Office of Family Assistance

TEMPORARY ASSISTANCE FOR NEEDY FAMILIES
(TANF)

Sixth Annual Report to Congress


IV. Work and Earnings

Employment While on the Caseload
Link to Appendices

Since the enactment of TANF in 1996, millions of families have avoided dependence on welfare in favor of greater independence through work.  This chapter reviews data and research findings on employment among TANF families and low-income single mothers.  Employment among low-income single mothers (earning below 200 percent of poverty), reported in the U. S. Census Bureau's Current Population Survey (CPS) has increased significantly since 1996.  Although it declined slightly in 2002, it is still eight percentage points higher than in 1996 – a remarkable achievement, particularly since it remained high through the brief recession in 2001.  Among single mothers with children under age six – a group particularly vulnerable to welfare dependency – employment rates are 13 percentage points higher than in 1996.  The year to year trend is displayed in Figure A.

Link to table version
Figure A Employment Among Single Mothers Under 200% of Poverty

Earnings in female-headed families remain significantly higher than in 1996 despite the brief economic downturn.  For the one-fifth of families with the lowest income, single mother families have increased their earned income from an average of $1,823 in 1996 to $2,368 in 2002.  For the next 20 percent, the increase in income from earnings is even more dramatic, from an average of $5,310 in 1996 to $10,570 in 2002.  Concomitant with these earnings increases are declines in means-tested income.  For the lowest group, the average amount of means-tested income declined from $5,601 in 1996 to $4,408 while for the next 20 percent the decline was from $7,863 to $3,963.  These results are shown in Figures B and C.

Link to table version
Figure B Income for Single-Mother Families with Children, Families with Income in the Lowest 20th Percentile in 2002 Dollars

Link to table version
Figure C Income for Single-Mother Families with Children, Families with Income Between the 20th and 40th Percentiles in 2002 Dollars

Rigorous evaluations of welfare reform policies that compared the effects of randomly assigned individuals to welfare reform or prior Aid to Families with Dependent Children (AFDC) rules demonstrate large employment gains.  The National Evaluation of Welfare-to-Work Strategies (NEWWS), a study of eleven programs in six States conducted by MDRC, compared the effects of labor force attachment and human capital development employment strategies over five years.  All of the programs increased participation in employment-related activities relative to control group levels of self-initiated activity.  Nearly all of the programs increased how much people worked and how much they earned relative to control group levels, but the employment-focused programs generally produced larger five-year gains than education-focused programs.  All of the programs decreased welfare receipt and program expenditures.
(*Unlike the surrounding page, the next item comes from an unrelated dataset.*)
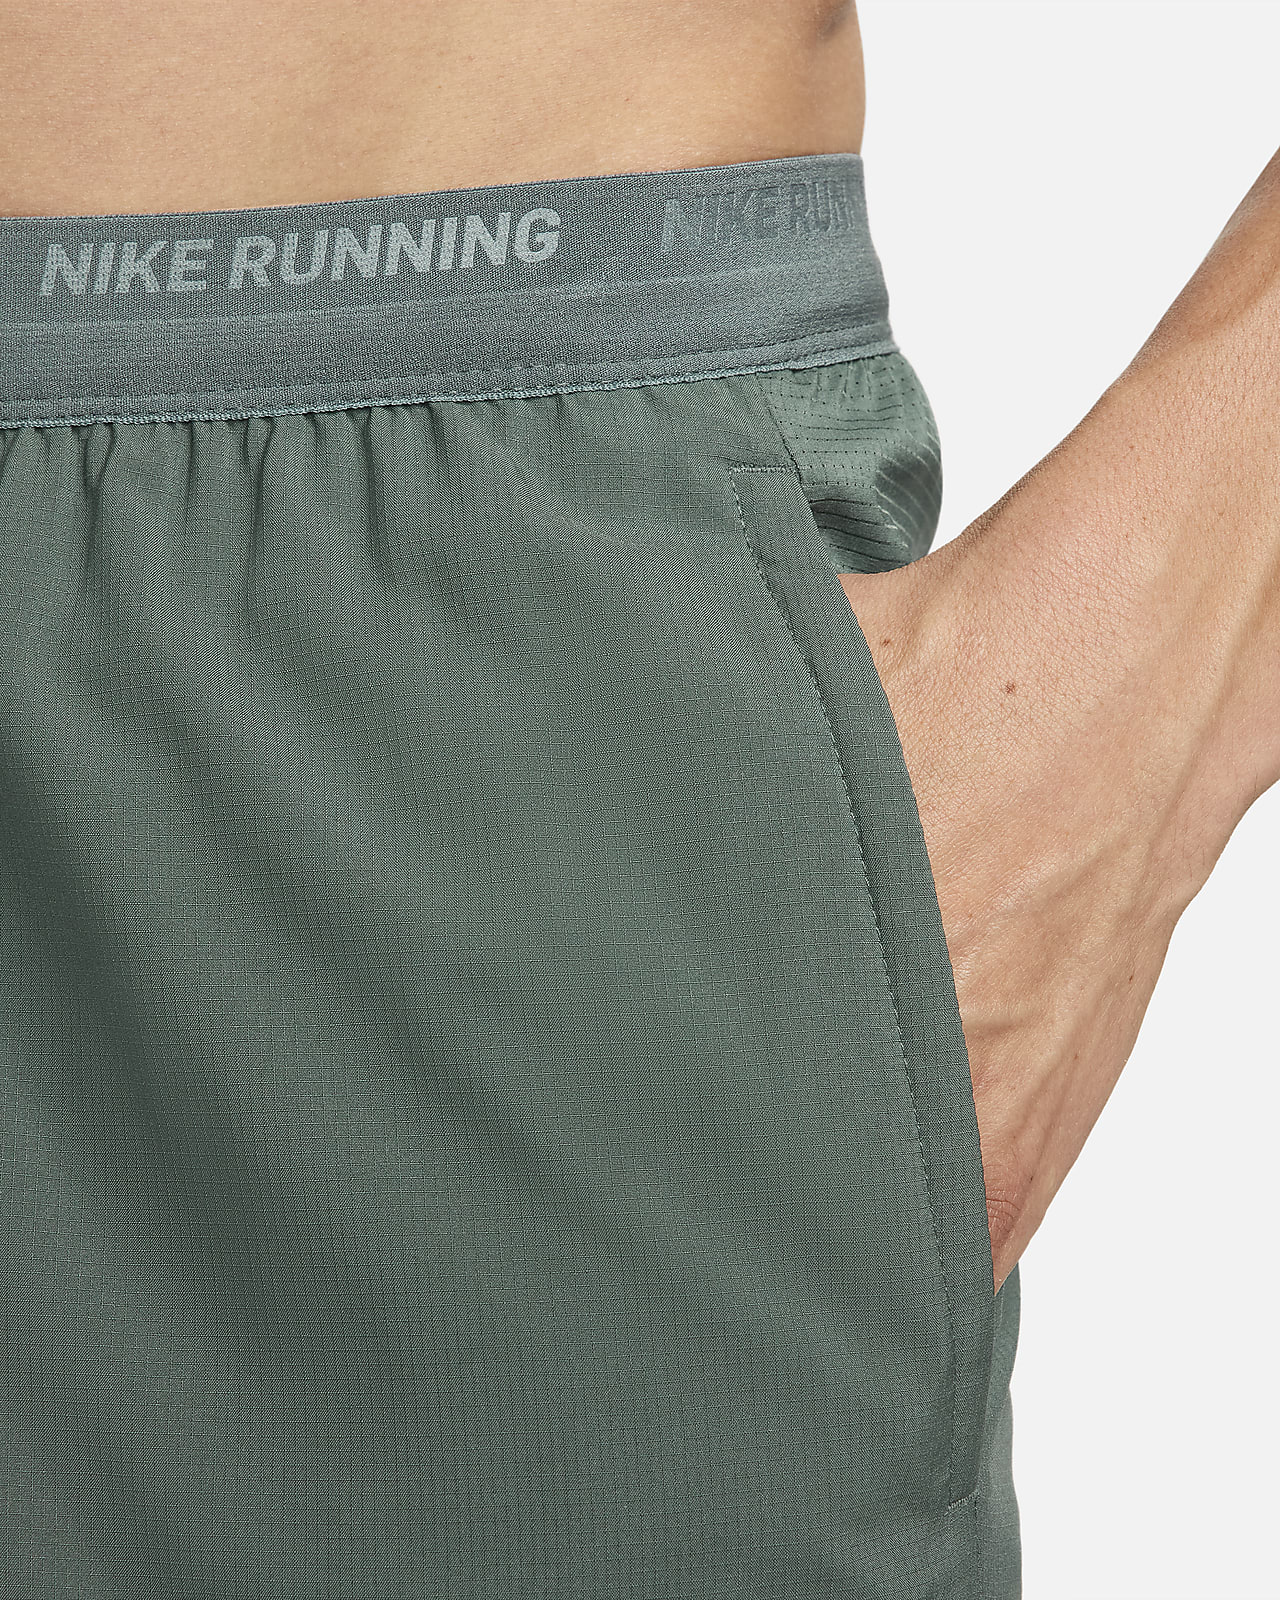 Nike 2-in-1 running shorts DRI-FIT RUN DIVISION STRIDE in dark green/ black

State studies of families who have left welfare ("leaver" studies) also report significant employment among these families.  While methodological differences reflect variability among some studies, most show that nearly two-thirds of former clients are engaged in work during any given month and that well over three-fourths of adults have worked since leaving welfare.

Employment While on the Caseload

The employment rate of adults receiving TANF cash assistance has also increased significantly, up from less than one in five adults in Fiscal Year (FY) 1991 to one of every three adults in FY 2002,  and this while the national caseload has been cut by more than a half since TANF's enactment. The percentage of working adult recipients was 30.1 percent in FY 2002, down slightly from 32 percent in FY 2001.  Seventy-eight percent of recipients who were working were doing so in paid employment; the remainder were involved in work experience, community service and subsidized employment.  State-reported data for welfare recipients show that the average monthly earnings of those employed increased from $466 per month in FY 1996 to $678 in FY 2002, a 45 percent increase. 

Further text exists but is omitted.